In an interview for The House magazine, Lib Dem Lords leader Dick Newby has said that support in the Lords is growing for a referendum on the Brexit deal. However, he says that even if that amendment is lost, the campaign for the people, not MPs or the Government, to have a final say on the deal, will continue:

But the fight for a second vote will not stop once Article 50 has been triggered, Newby insists. Indeed, “it’s just the beginning”, he adds, saying the Great Repeal Bill and other Brexit legislation could be amended. In the meantime, the Lib Dems will be campaigning across the country arguing the case for a do over.

Newby says it would be “implausible” for MPs not to grant a second referendum if public opinion shifts in favour of Remain in the coming months.
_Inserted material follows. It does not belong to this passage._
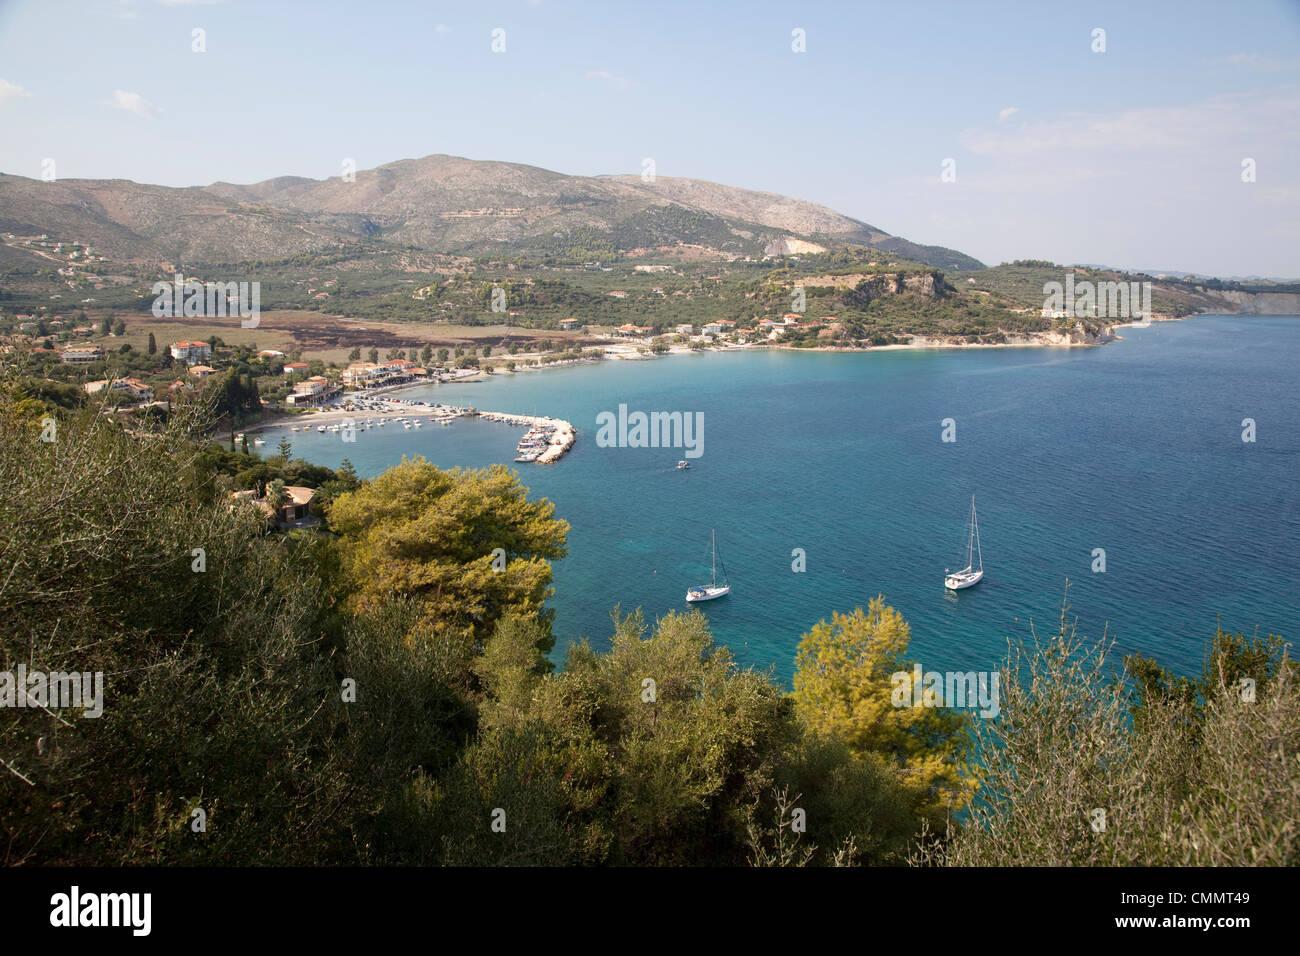 Keri Peninsula, Zakynthos, Ionian Islands, Greek Islands, Greece, Europe - Stock Image

Parliament bequeathed the decision on EU membership to the public once, why would it prevent it again, he queries.

“We will look at every opportunity to get this provision for a vote of the people at the end,” he declares. But are Tony Blair, who has called on Remainers to “rise up” against Brexit, peers et al the right figureheads of this movement? “I think that everybody involved in public life has a right to make the argument, but this is a people’s issue now… it’s not in the hands of the Commons.”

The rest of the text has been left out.